Another dividend from Quest Diagnostics

After coming up empty on the dividend front yesterday, today’s $0.45 payment from Quest Diagnostics got me back on track.

It boosted by October dividend income to $19.61 and brought my 2017 haul to $253.62.

Here’s a closer look at the company for those of you looking for what I believe is a solid choice for a dividend payer in the healthcare sector.

Quest Diagnostics

Quest Diagnostics (DGX) provides diagnostic testing, information and services that help patients and physicians make better healthcare decisions.

Seems pretty straightforward, right?

It’s been in the news most recently for announcing the acquisition of the Cleveland HeartLab. The move forms a strategic collaboration with the Cleveland Clinic – a hospital I, having lived in Ohio my entire life, have a hell of a lot of respect for. I’ve never had to visit the place, thankfully, but you don’t have to search very hard to find all sorts of stories about the kind of work being done at the world-class facility.

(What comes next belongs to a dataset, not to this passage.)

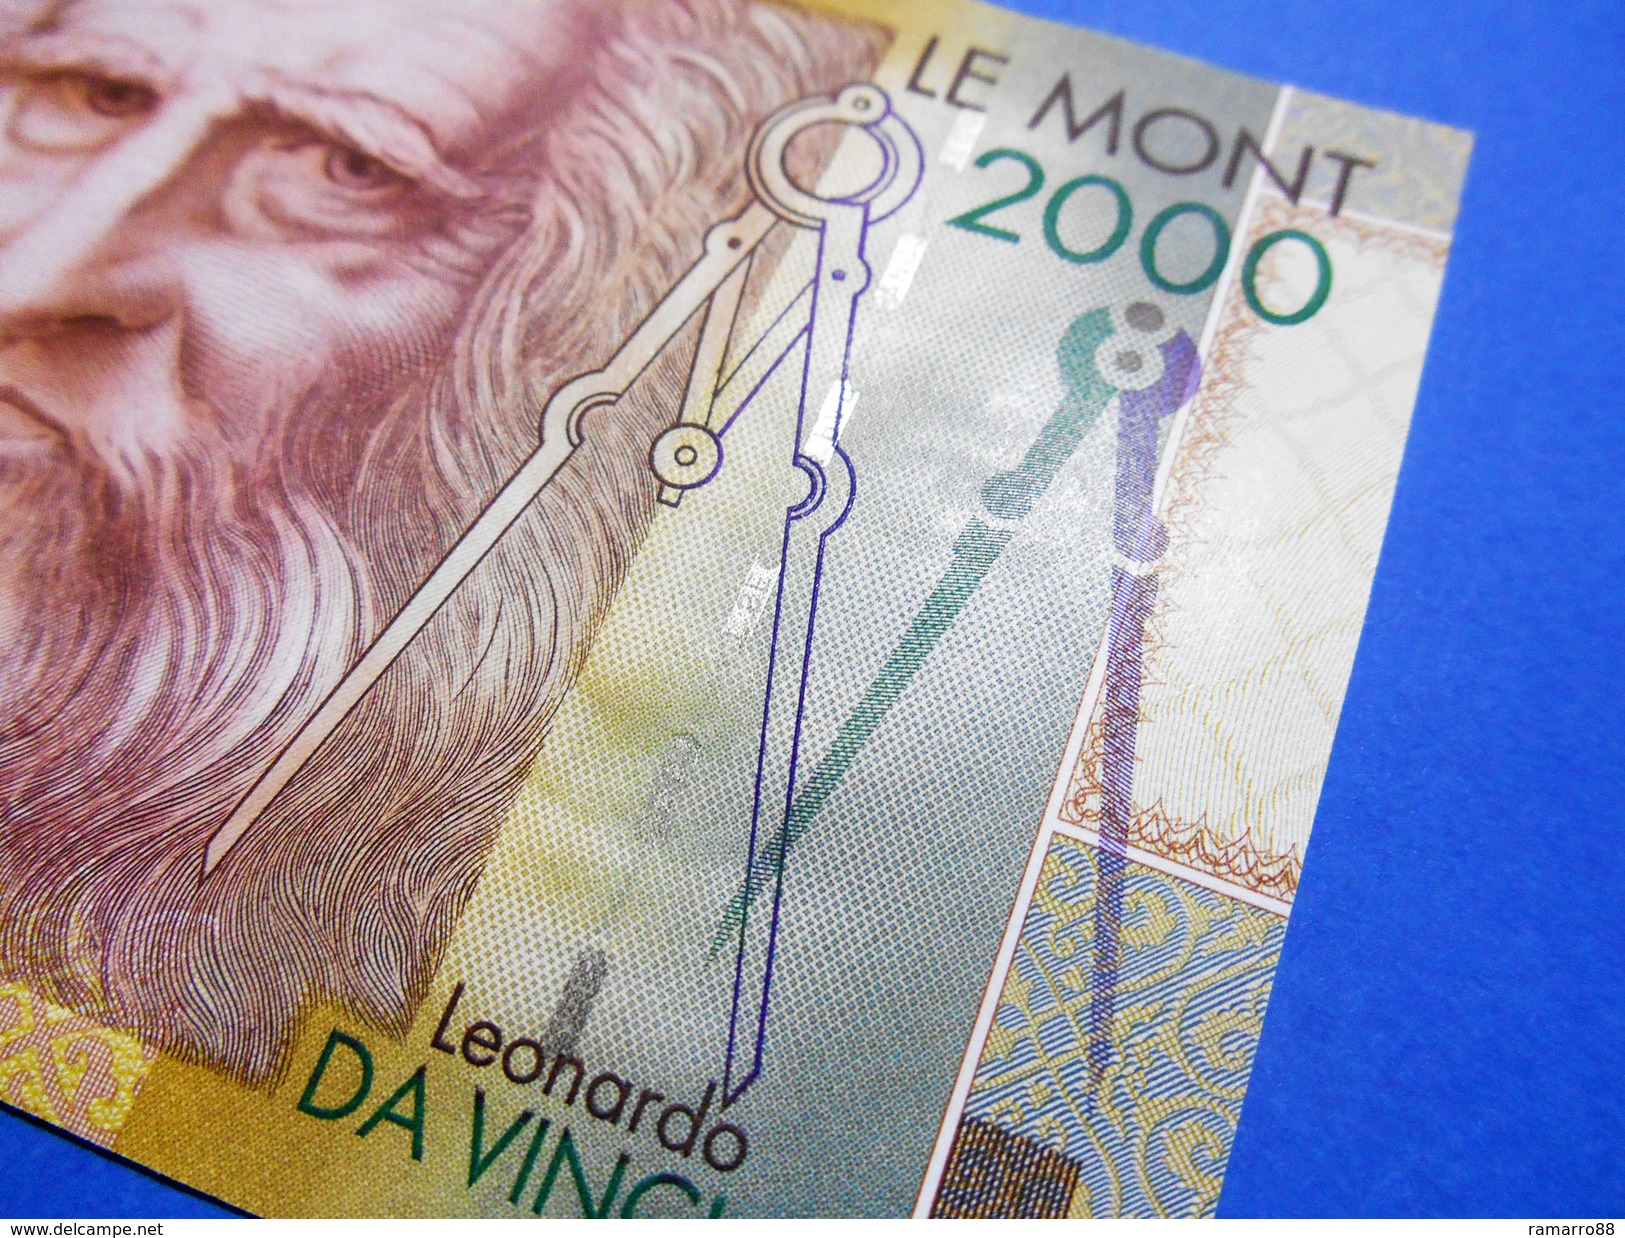 De La Rue Giori Leonardo Da Vinci Le Mont 2000 Specimen Test Note Unc

I think the collaboration will mean nothing but good things for Quest and its stock.

My one share has dipped $3.87 (4.03%) since I purchased it back in February, but, thanks in large part to the announcement I just talked about, I think it’ll move in the other direction sooner than later.

It might be a good time to buy a few shares if you haven’t already. Its P/E ratio is sitting at 18.58 and Quest Diagnostics is trading closer to its 52-week low ($79.12) than its 52-week high ($112.96).

Cash isn’t a problem as the company has a profit margin of 9.93%, a manageable debt/capital ratio of 43.89% and earnings per share of $4.96.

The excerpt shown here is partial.